Wer sieht Frauen wie und wie sehen sie sich selbst? Und was hat das damit zu tun, wer wo herkommt?

Wer sieht Frauen wie und wie sehen sie sich selbst? Und was hat das damit zu tun, wer wo herkommt?

Illustration: Jessy Asmus

Eine Interviewserie zum Thema Integration – und dem Frauenbild von Flüchtlingen. Und von uns.

Folge 5: Ein Gespräch mit Alice und Matar, einem deutsch-senegalesischen Paar 

Alice (Name geändert), 30, und Matar, 28, sind seit etwa einem Jahr ein Paar. Matar ist vor fast sechs Jahren aus dem Senegal geflohen, um sich eine bessere Zukunft zu ermöglichen.
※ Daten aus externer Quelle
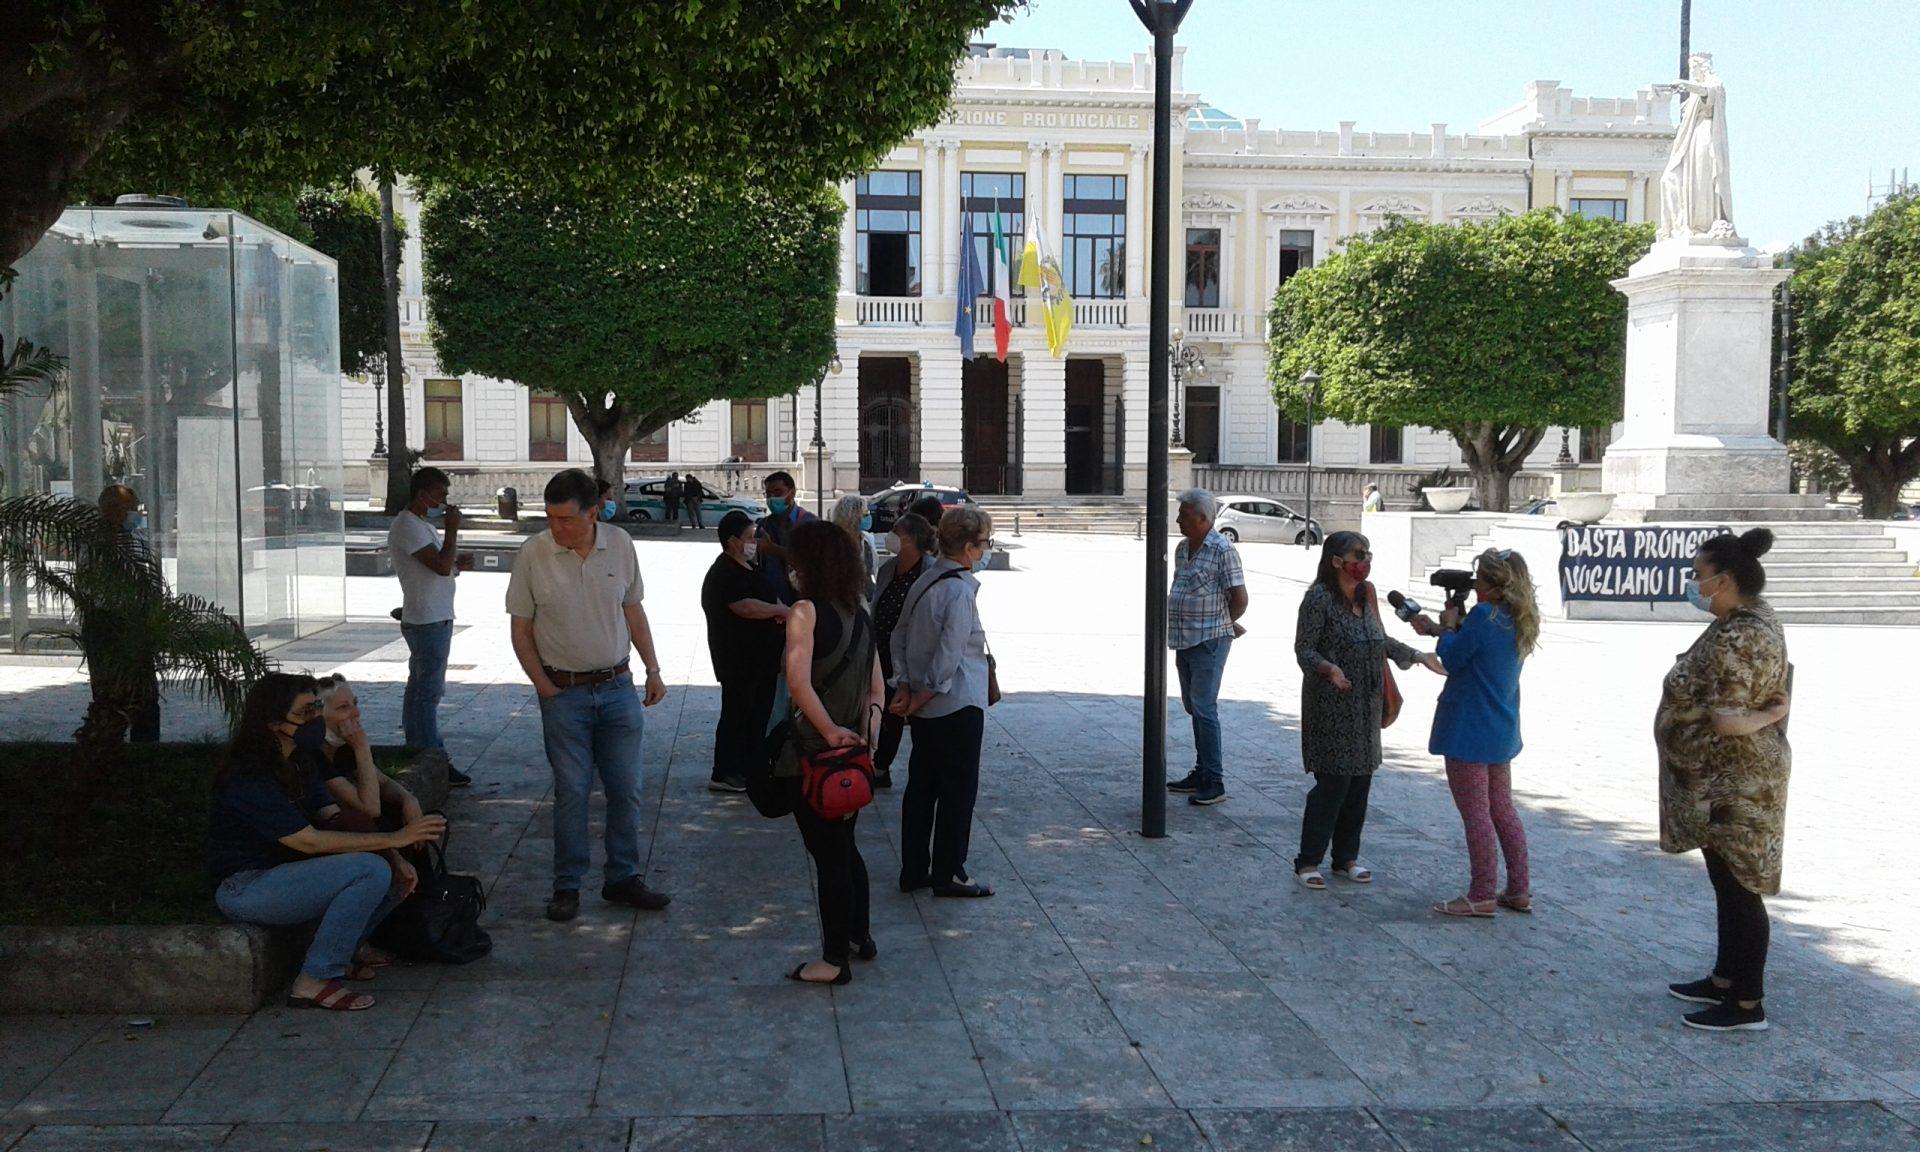 Emergenza abitativa, l'osservatorio: «Nessun segnale concreto a garanzia del diritto all'abitare»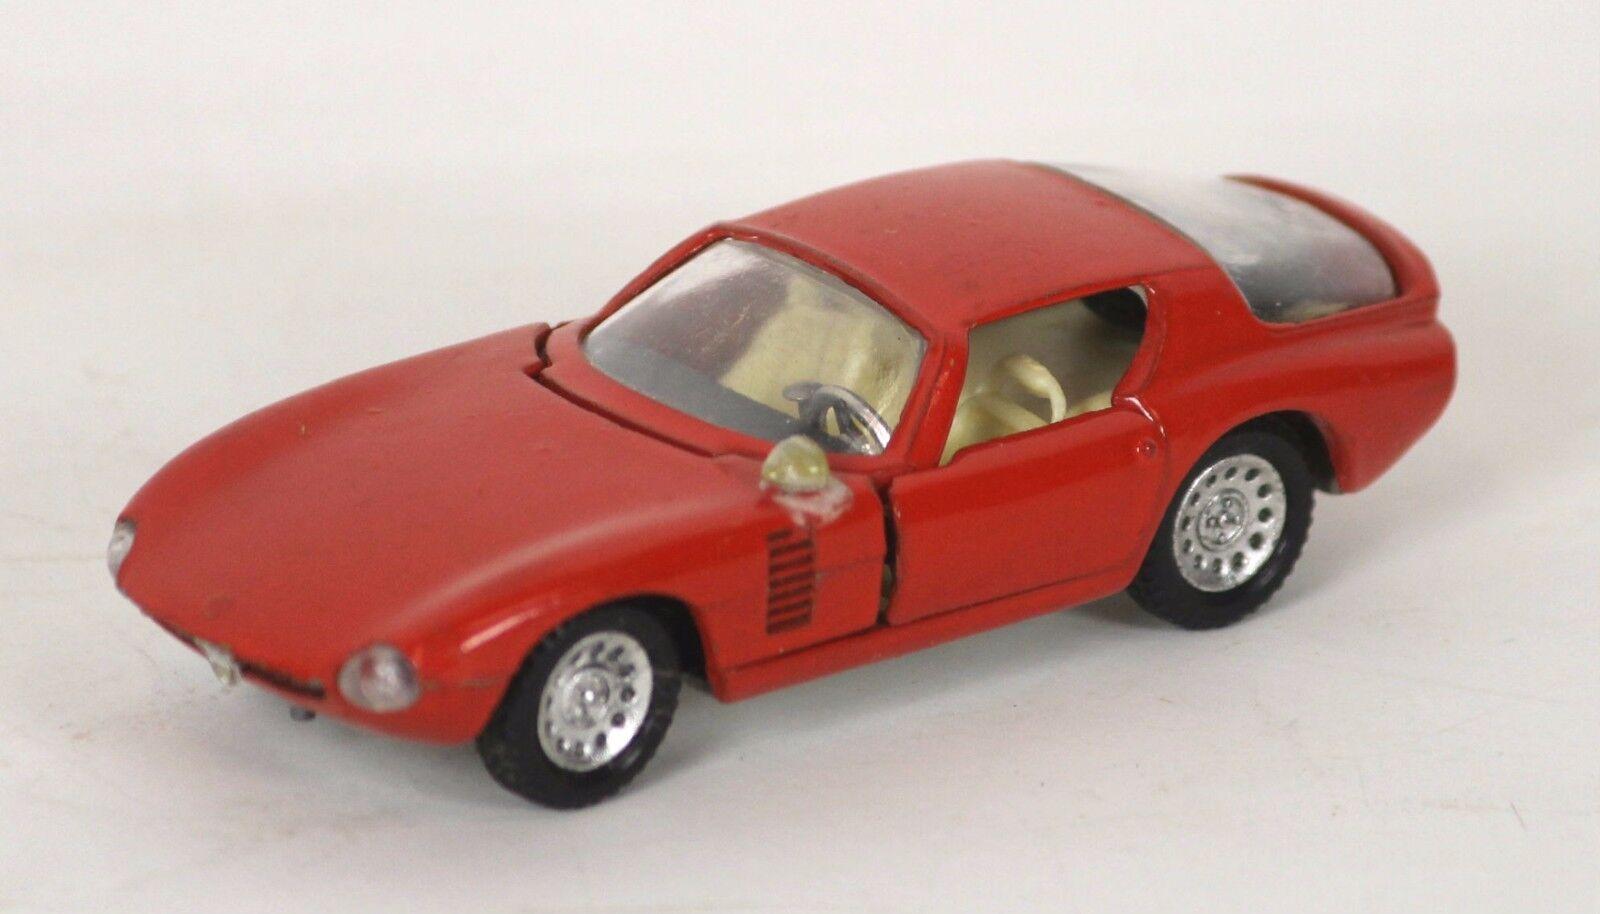 Alfa Romeo Giulia métal 1600 in (environ 4064.00 cm). JOAL. 1 43. fabrio en Espagne. année 1960.

Im Senegal hat er mit seinem Vater alte Autoteile verkauft. Von dort ging er nach Spanien, wo er vier Jahre lebte. Seit einem Jahr und sieben Monaten ist er in Deutschland. Alice ist in Deutschland aufgewachsen, hat interkulturelle Kommunikation studiert und ist Bildungsreferentin. Das Gespräch mit den beiden ist der Abschluss dieser Interviewserie.

jetzt: Matar, dein Vater im Senegal hat drei Frauen. Wie war das für dich als Sohn?

Matar: Als Moslem darf man im Senegal vier Frauen haben, aber ich finde das schwierig. Meine Mutter, die erste Frau meines Vaters, war sehr oft unglücklich mit der Situation – aber die Rolle der Frau ist es, zu ertragen, dass andere Frauen da sind.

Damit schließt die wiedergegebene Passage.